Глава 3.
Вчера у этой пигалицы, спросила: как валидол принимать? А она мне: запивать водой! Ты представляешь, водой валидол запивать? Чему они там в колледже учатся? Хорошо, что у нас детское отделение, а была бы кардиология, она мне людей валидолом накормила бы!
- Валь, потише, - остановила выходящую из себя ответственную коллегу Настя, укрывая одеялом Алёшу. – У меня такая же сидит на посту.
Пока старшая давала нагоняй подчинённым, малыш уснул. Видно умаялся бедненький за эти страшные для него дни, что разговор на повышенных тонах толстой тётки нисколько ему не мешал.
- Валя, у него мать есть?
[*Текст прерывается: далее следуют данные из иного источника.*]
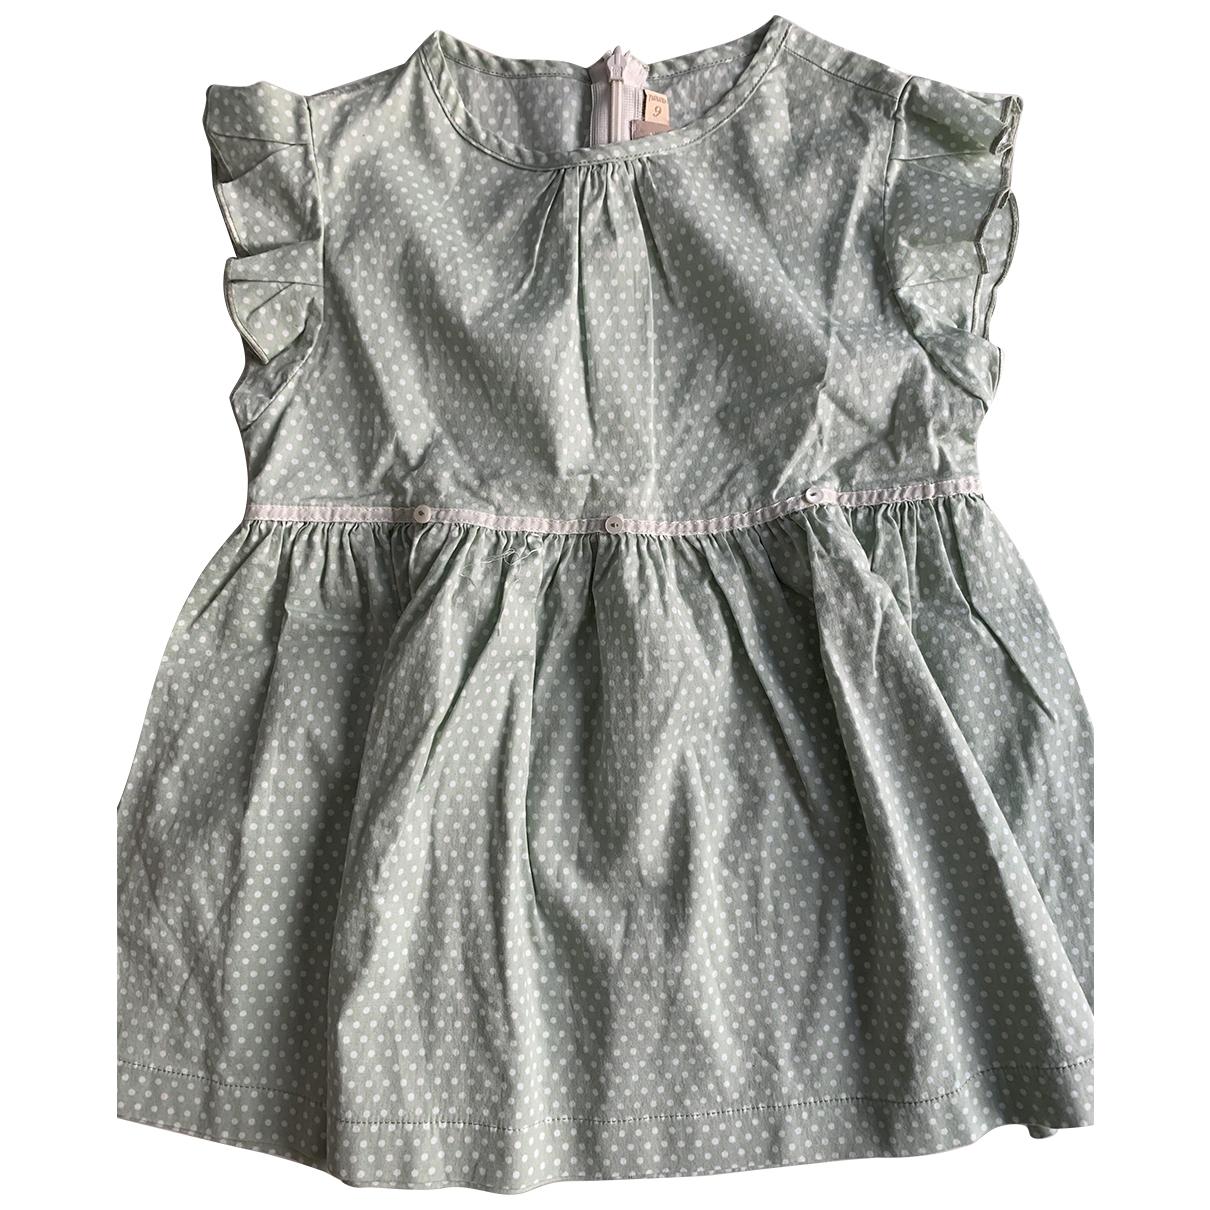 La Stupenderia \N Kleid in  Gruen Baumwolle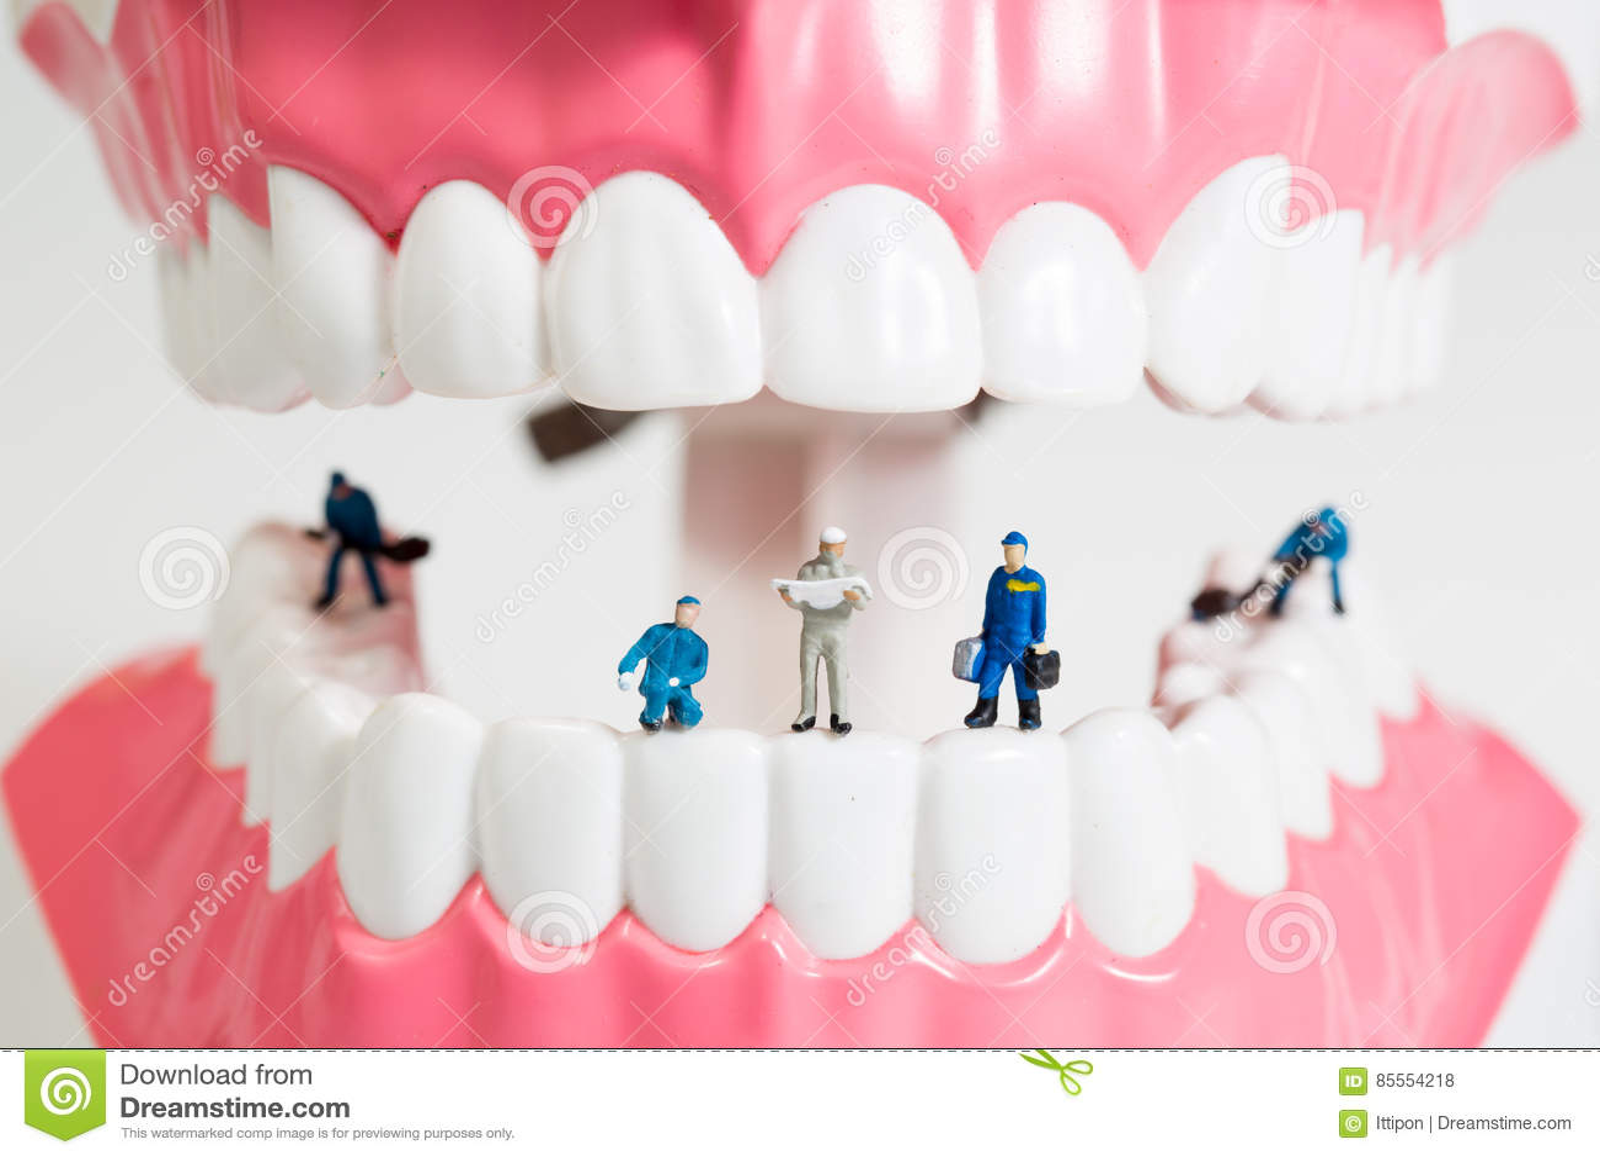 Miniaturleute zum Säubern von Zahnmodell

Почему он только про бабушку говорил? – поглядывая на капельницу, спросила взволнованно Настя.
Вот сейчас ей стало страшно. А вдруг у мальчика есть нерадивая мать, бросившая его старушке, и не просыхает от пойла. Как забрать сына у той, которой он не нужен? По закону не отдадут чужой жалостливой бабе ребёнка, только потому что его мамаша забыла о родительском долге. И повеселевшая на полчаса Настя снова почувствовала безысходность. Теперь уже, правда, причиной была не измена любимого мужа, а желание забрать ребенка себе.
- Фельдшер со скорой сказала, что у него кроме бабушки никого вроде не было.
Слова подруги вернули надежду Насти. Если не было, значит, и проблем у усыновление тоже не будет. Выдохнула с облегчением будущая мама.
- Насть, я Петровне позвонила. С опеки которая. Так вот, завтра утром их работник придёт. Мальчика в приют оформлять будут. Бабка ведь его померла, - подойдя сказала Валя. – А ты себе его забрать хочешь?
- Хочу.
- Ну, и правильно. Что ребёнку по приютам мотаться? Мальчик хороший. Домашний. Вон, как бабушку свою любит. Всё спрашивал про неё. Где она? Когда придёт за ним? А мне, что ответить? – вздохнула Валя.
- Ничего не говори ему. Я сама потом всё расскажу. Потом, не сейчас.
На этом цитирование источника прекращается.